January 27, 2004 by Terry Teachout

Good news from The DVD Journal:

A hard-to-find MIA title is now on the slate at Image Entertainment — 1998’s Croupier has a March 9 street-date.

I’ve been waiting for this one. Croupier is the best piece of cinematic neo-noir to be released in ages. (Which reminds me: a composer friend of mine called me a “paleo-modernist” the other day. That’s not quite right, but I like it anyway.)


And yes, I made both deadlines. Next stop, Balanchine.

TT: R.I.P.

January 27, 2004 by Terry Teachout

First Captain Kangaroo, now Jack Paar. I guess this is what it means to be middle-aged, huh?


UPDATE: Tom Shales filed a first-rate appreciation of Paar on deadline for the Washington Post. Read it here.

TT: Incoming

January 27, 2004 by Terry Teachout

I’m getting swamped with spam and suspicious-looking e-mail today, no doubt because of the virus that’s currently going around the Web. So if you should feel like sending me (or OGIC) an e-mail:


(1) Be sure to include a subject header, preferably one obviously relevant to this blog. I am deleting unopened all e-mail with nonexistent or inexplicable subject headers.


(2) No attachments, please, at least not for now.


(3) No, I don’t need a penis enlarger.


Thanks.

TT: We interrupt this program

January 27, 2004 by Terry Teachout

No more blogging today, alas. I have two deadlines-for-money, one of them frighteningly pressing, followed by a night at the ballet, and Our Girl is tied up in double knots.


Eat what’s here. We’ll put more in the dish tomorrow.

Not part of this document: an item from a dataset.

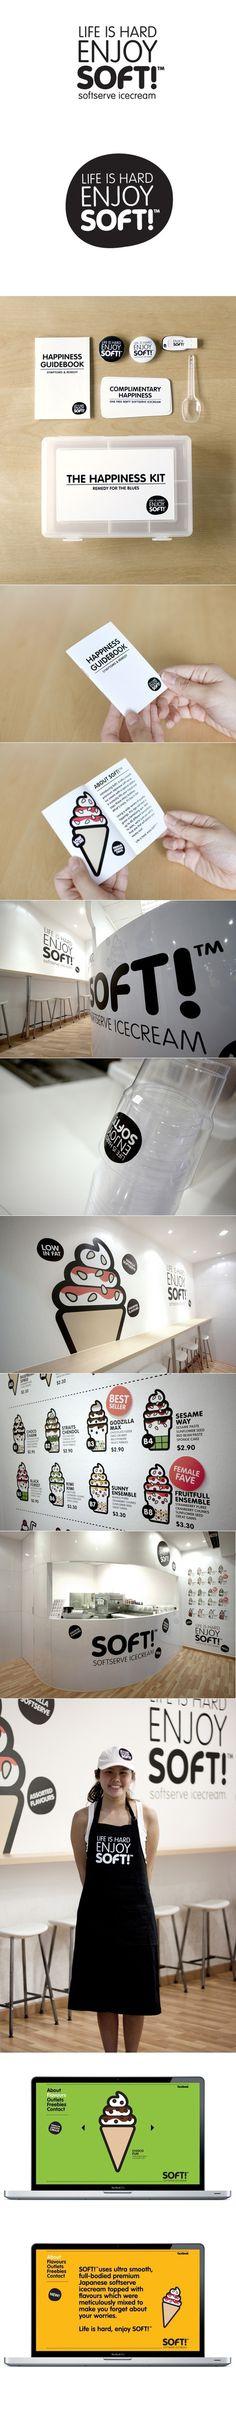 SoftTM branding by Bravo Company #cream #ice #branding #retail

P.S. All sorts of folks in the right-hand column and elsewhere have been checking in with their own lists of comfort reading (or, in Maud’s case, discomfort). We’ll post a readers’ guide later in the week. Or you could just work your way down “Sites to See,” one cool blog at a time, and find out what you’ve been missing.

TT: Elsewhere

January 27, 2004 by Terry Teachout

Lileks has a way of tossing off a trenchant little nugget of arts criticism right in the middle of a Bleat about something completely different. Like yesterday:

People talk about the golden age of television (grainy, overexposed hard-to-watch kinetescopes of big braying vaudevillians in drag) or the golden age of sitcoms (Mary Tyler Moore, All in the Family) and I suppose that’s correct. But TV today is better than TV ever was. There was never a show like “The Wire.” There was never anything as brutal and knowing as “The Office.” “Curb Your Enthusiasm” would have made no sense in 1967. It makes perfect sense today.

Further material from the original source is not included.